Reviewed by Rochelle Caviness - January 21, 2002

"It was the best of times, it was the worst of times..." This is one of the best known opening lines in Western Literature, and it gives the reader entry into a book that highlights the ultimate heights of human valor and dignity, juxtaposed with the ultimate depths of human evil. A Tale of Two Cities was first published in 1859 and it takes places in the dark days of the French Revolution. This is both a commentary on the revolution and a heart pounding thriller that will have you holding your breath as you wait to see what will happen to Charles Darnay and Sydney Carton, two men whose lives are inextricably entwined.

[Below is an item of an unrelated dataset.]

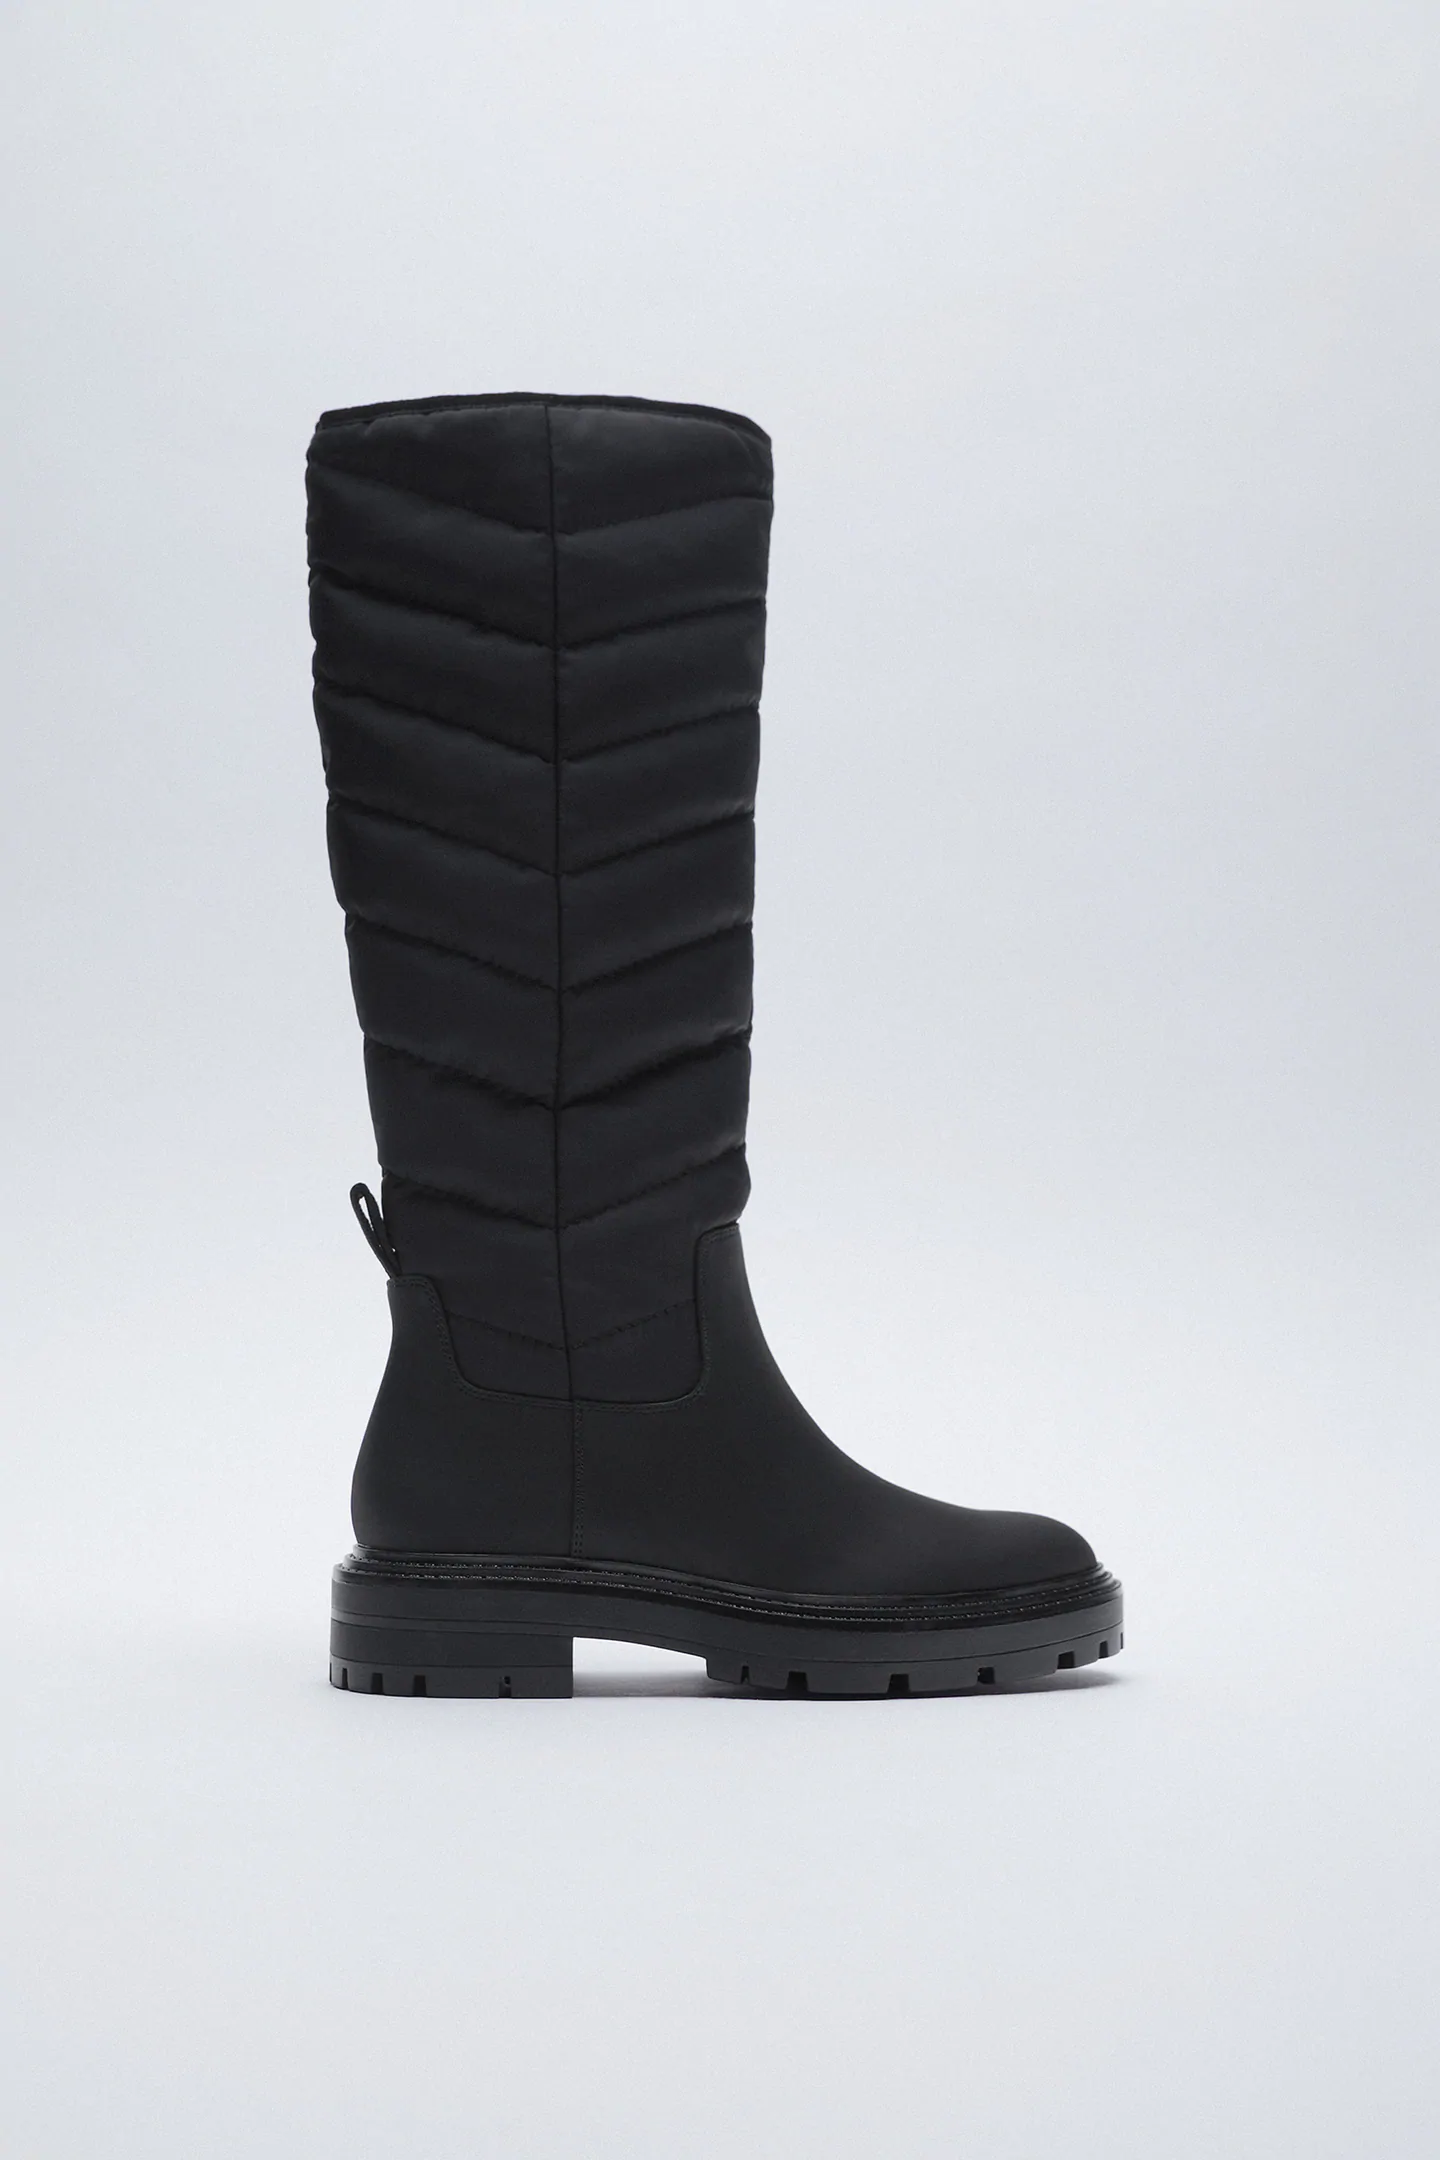 14 Waterproof Winter Boots That Are As Chic As They Are Functional - SAVAÅ
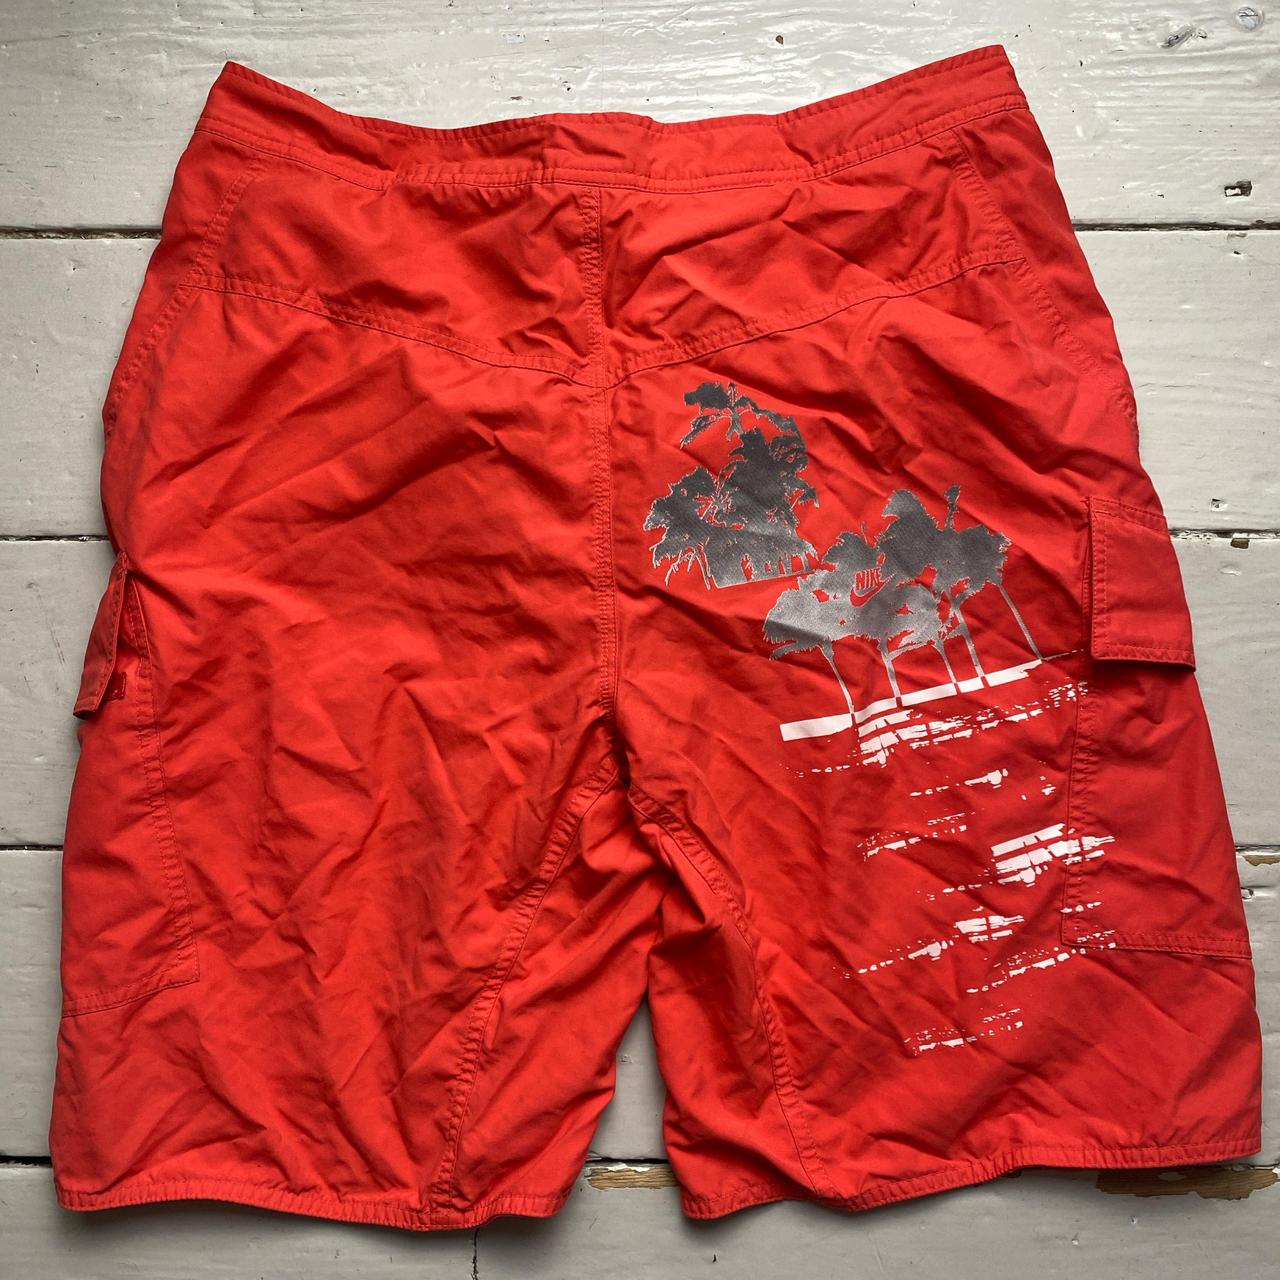 Nike Vintage Red Grey and White Baggy Cargo Shorts

This one of Dickens more significant works. It has a complicated and well wrought plot, filled with memorable characters such as Madame Defarge. Defarge and her husband run a wine shop, and she sits all day in the shop, silently compiling a knitted register of the enemies of the Revolutionaries, most of whom are destined to become intimately acquainted with Madame Guillotine. A Tale of Two Cities centers around the lives of Charles Darnay, a French Nobleman, Lucie Manette, and Sydney Carton a young Englishman who looks remarkably like Darnay. Carton is the type of character that you cannot help but root for. He is a scoundrel with a golden heart, and Carton saves Darnay's life on several occasion. And his ultimate sacrifice will be indelibly etched in your mind as the true essence of valor.

The two cities in A Tale of Two Cities are London and Paris, and just as the two cities are explored, so are the notions of good and evil, and what they mean to different people in different circumstances. When the story opens, the year 1775 and the terrors of the French Revolution have yet to have occurred. By juxtaposing the two cities, Dickens clearly shows that the horrific events that were to occur in France, could just as easily have occurred in England. It is also a story of self-sacrifice and the extreme lengths that some people will go to - for the sake of a principal. This mythic tale of good and evil is infused with the recurring motif of redemption.

A Tale of Two Cities is essential reading, both because it is a classic work of literature, but also because it is a phenomenal story. It is a marvelously well written story that skillfully weaves elements of romance, history, and unmitigated adventure into a spellbinding narrative.

This unabridged, large print edition of A Tale of Two Cities is 527 pages long. It is printed in a 16 point type face that meets the standard of the National Association for the Visually Handicapped (NAVH).